"terror is easier to face than confusion", he said

i’ve been reading the analysis of dick cheney’s speech to the AEI last week. wondering at the horror of the torture committed in afghanistan, abu ghraib and guantanamo. at the attempts to justify it, deny it.

and feeling powerless despair. we call it inhumane. but it was humans who did it. authourised it. legal-eased it. and there seems nothing but silence with which to respond. wordless in the face of images indicting us with just how far we humans will go to prove our might, our power, our authority, our triumph over the will of another. and as we rob the other of their dignity, strip it, beat it, break it, we lose our own…
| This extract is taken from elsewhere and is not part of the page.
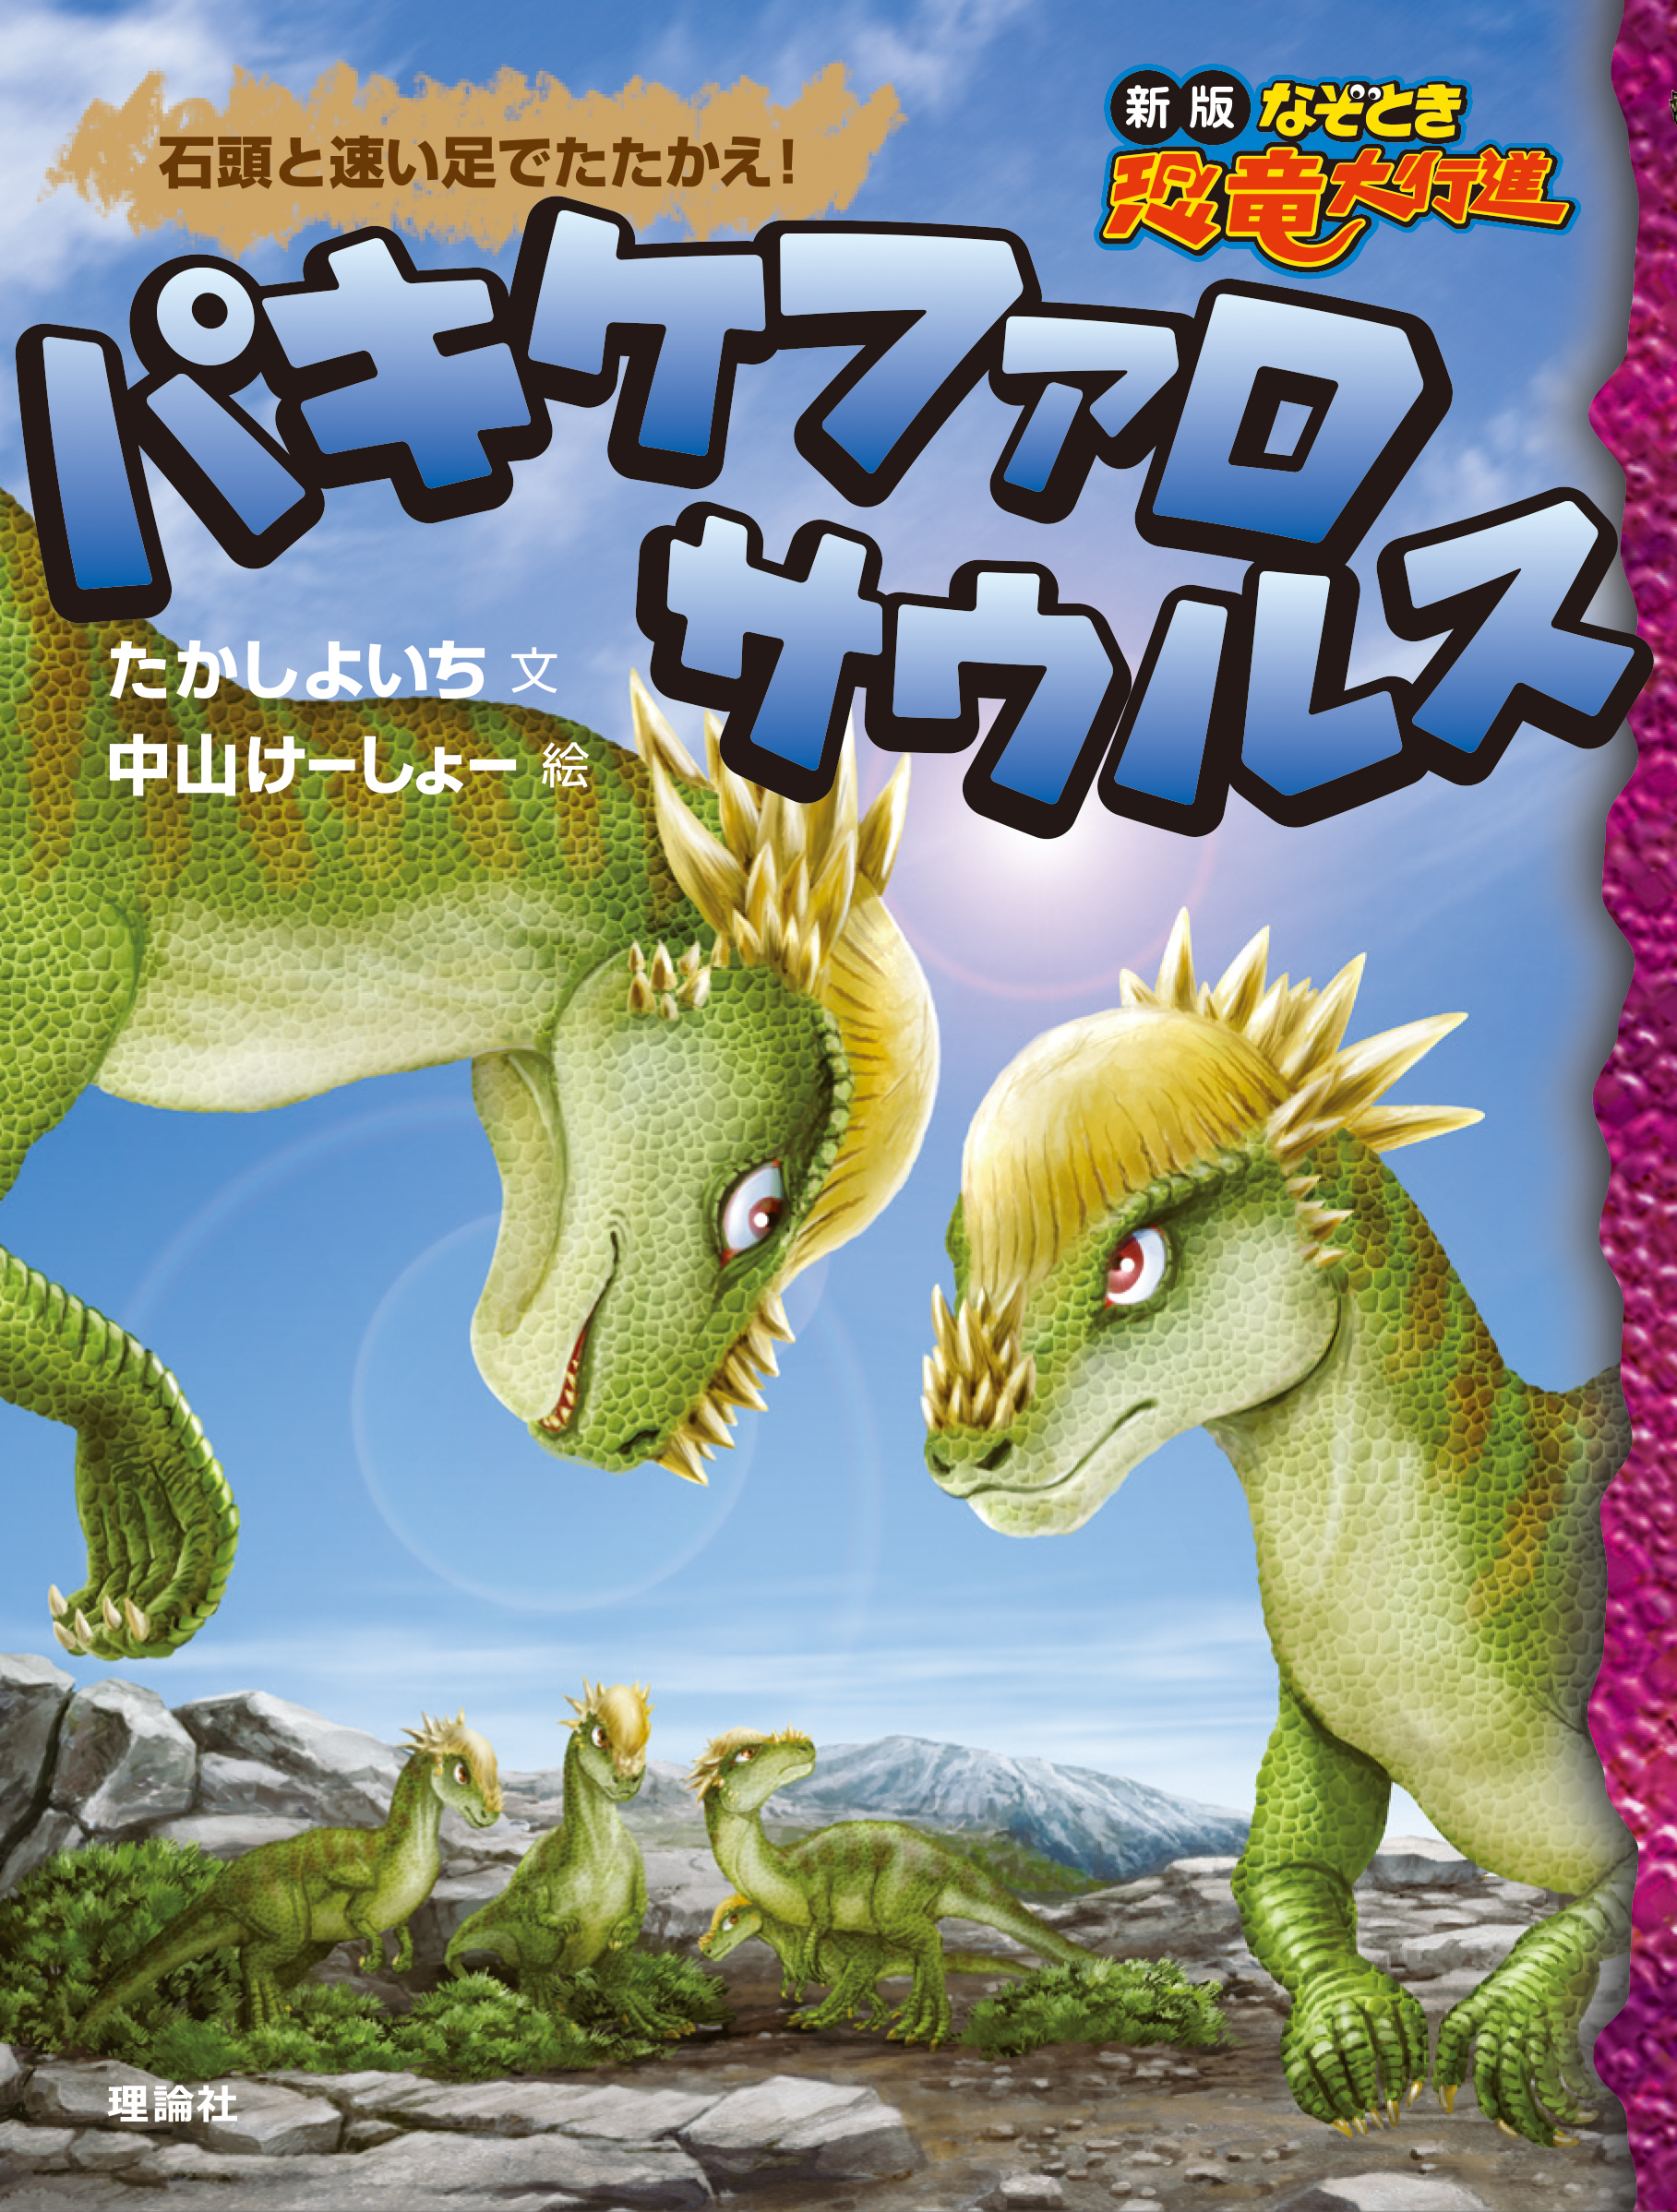 パキケファロサウルスの商品画像

i think of my infant nephew and feel the conflict of welcoming him into this world. for there is goodness and beauty but there is so much else besides. so many whose lives are marked by sadness, pain, suffering, horror. for whom this place is hell. i see the images of naked men, hooded, taunted by dogs, leashed, bound, and i think of this tiny boy starting out on his journey and wonder at what he will make of this world. wondering at what his life will be for… and if we can only tell him and his sister that we are present to a kingdom of beauty if we look the other way….

i think of the persisting scandal in the british parliament threatening to topple a government and i think of the abuse of so many at the hands of the irish church, of mass rape and mutilation of girls in Africa, which ilke enhanced interrogation appears to threaten no one. i can’t help but wonder that the expenses scandal is but distraction. and matters more to people because it came out of their pocket but does not affect their conscience. it’s perhaps not ethic that drives us but (love of) money. ethic should not be found on a sliding scale but this seems disproportionately scandalous… perhaps we choose our outrage by what we are willing to face. by what we are willing to pay attention to.

and in truth i fear all this is little more than a distraction from other things more personal that are pressing in unexpectedly and rubbing at wounds i thought i’d moved past. i feel the all too familiar claustrophobia setting in and i’ve been struggling not to resort to counting the hours ’til i can run. retreat to safer soil and be away from the triggers currently setting off tiny explosions of grief. it’s not funny how the total degradation of strangers never cuts quite as sharp as the mere slights of others against us. even the words and actions we choose to see as slights, whether intended as such or not. and usually not.

but it feels upsetting to feel oneself regressing and in need of retreat. especially when surrounded by lovely, beautiful people. and then grace comes in and i don’t know what to do with it either. feeling close to the brink, with it all caught up in my chest, trying to mask the twist of feelings keeping me from breathing easy…

i got to be at tuesday group last night. the unexpected chance to see mo and lynn’s soft smiles was balm. we sat and read tobit chapters 3 and 4. tobit and sarah both pray to YHWH to have their lives taken from them, believing it better to be dead than bear the insults of others. both pushed to the brink by scorn and shame. and like them, i pray. in tears. because sometimes tears are the best prayers we have next to silence. i pray perhaps not for death, but for release from shame and anger and hurt.

when i touch the tiny wooden cross at my throat, i think, this is what we do… and i am no different than the rest…

LB

indigo hosannas

this poem from today’s writer’s almanac reminded me of the garden at the degrazia gallery/house in tucson. adoring love drips from the page… timeless, dazzling devotion

Wind chimes ping and tangle on the patio.
In gusty winds this wild, sparrow hawks hover
and bob, always the crash of indigo
hosannas dangling on strings. My wife ties copper
to turquoise from deserts, and bits of steel
from engines I tear down. She strings them all
like laces of babies’ shoes when the squeal
of their play made joyful noise in the hall.

Her voice is more modest than moonlight,
like pearl drops she wears in her lobes.
My hands find the face of my bride.
I stretch her skin smooth and see bone.
Our children bring children to bless her, her face
more weathered than mine. What matters
is timeless, dazzling devotion—not rain,
not Eden gardenias, but cactus in drought,
not just moons of deep sleep, not sunlight or stars,
not the blue, but the darkness beyond.

– “The Waltz We Were Born For” by Walt McDonald, from Blessings the Body Gave. © Ohio State University Press, 1998.

love was never meant to be restrained or reserved… at least not to a 4 like me. i wonder if mcdonald is a 4… seeing beauty in the darkness beyond

LB

when the night has come…

and the land is dark
and the moon
is the only light we see
no i won’t be afraid
no i won’t be afraid
just as long
as you stand
stand by me

it’s curious how singing helps us feel safer in the dark. this video (served up on the daily dish) seemed like an invitation to have faith and solidarity as we wait for what we hope will come…

Stand By Me from David Johnson on Vimeo.

so, ’til the new dawn easters in, i’ll keep watch. you, find some rest. i’ll try and sing softly.